How to build a Visual Product Search Pipeline

How to build a Visual Product Search Pipeline

Computer Vision

Visual Product Search is changing how we shop online. This shift has been possible due to the widespread use of smartphones and significant improvements in computer vision technology. This technology allows consumers to search for and discover products using images, instead of relying on traditional keyword searches.

A prime example of this technology in action is Google Lens. It allows users to capture an image of a product, such as a dress, and then quickly find that exact item online from a vast selection of products. This entire process takes only a few seconds.

In the past, if you were interested in a dress or a piece of furniture, you would have to inquire about it or spend a lot of time online trying to find the same product. However, Google Lens has simplified this process, taking care of the entire search operation.

In this blog, we will explore how you can develop your own visual search AI for products. We will walk you step by step through the code to build your own visual search.

You can find the code here: Colab Notebook.

What is Visual Product Search?

Visual Product Search, also known as Image-based Search, is a cutting-edge technology that leverages the power of artificial intelligence (AI) and machine learning (ML) to revolutionize the way we search for products online. It uses computer vision, a branch of AI that enables computers to understand and interpret visual information from the real world, to identify, analyze, and interpret images.

In a typical Visual Product Search scenario, a user uploads or captures an image of a product they are interested in. The system then analyzes the image, identifies the product's key features, and searches a database for matching or similar items. The results are then presented to the user, who can select the most suitable product.

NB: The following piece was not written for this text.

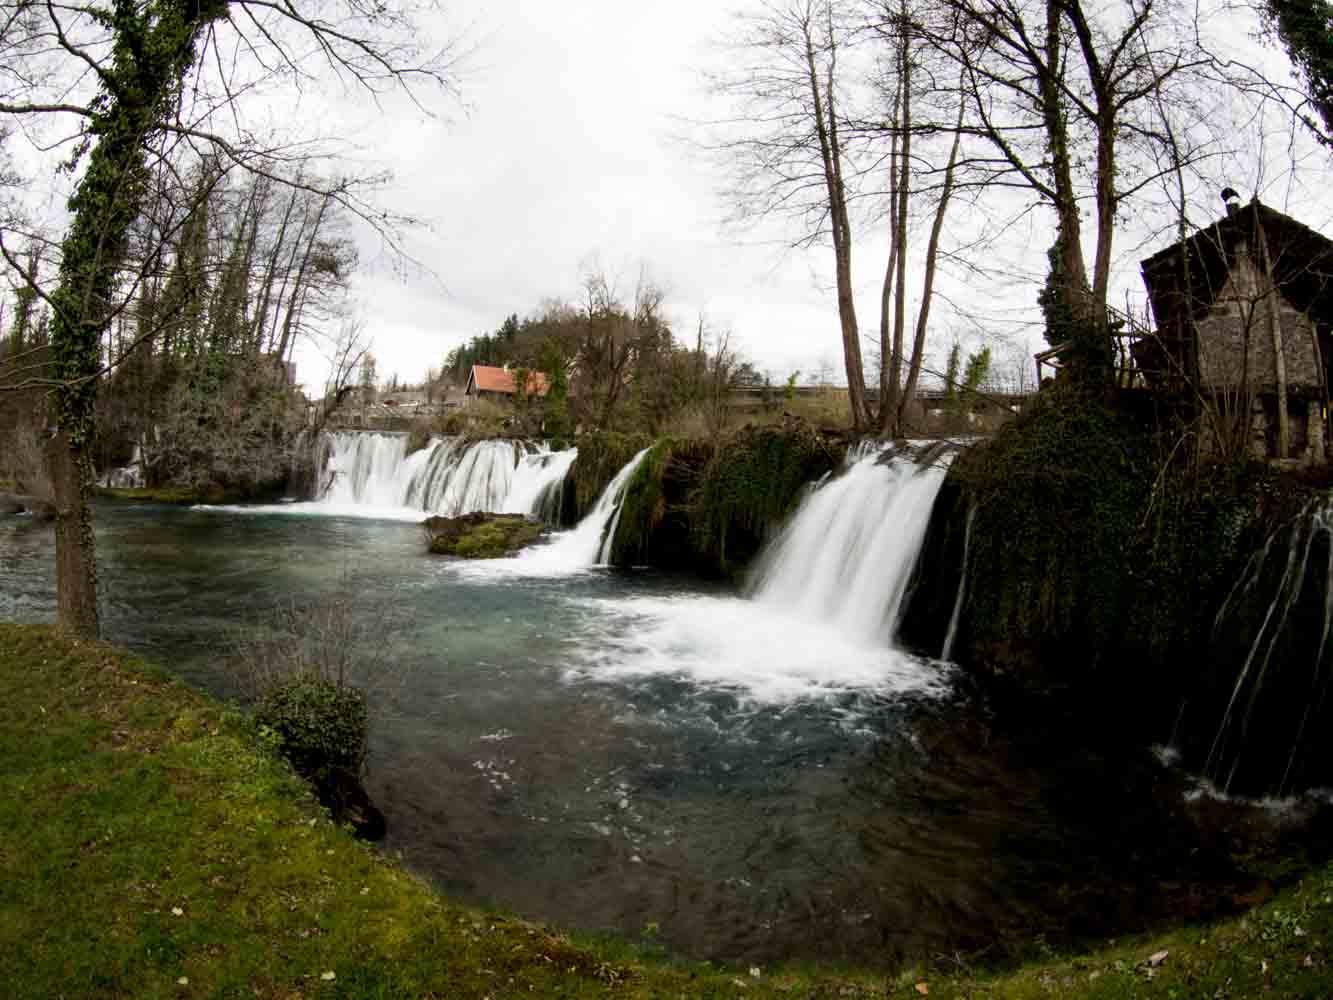 Plitvice_Kroatien_Croatia_Plitvice_jezero-35

Visual Product Search can reduce the time and effort customers spend on finding products, making the shopping process quicker and more enjoyable. It enhances the user experience by making product searches more intuitive and efficient. This can lead to increased customer satisfaction and loyalty, key factors for business growth and success in the competitive e-commerce market.

Attribute Extraction

Attribute extraction is another part of Visual Product Search. It is the process of identifying specific features or attributes of a product in an image. This process is facilitated by machine learning algorithms and computer vision techniques.

When a user uploads or captures an image of a product, the system first identifies the key attributes of the product. These could include color, shape, size, pattern, brand, style, and other unique features. The system then compares these attributes with the ones in the database to find matching or similar products.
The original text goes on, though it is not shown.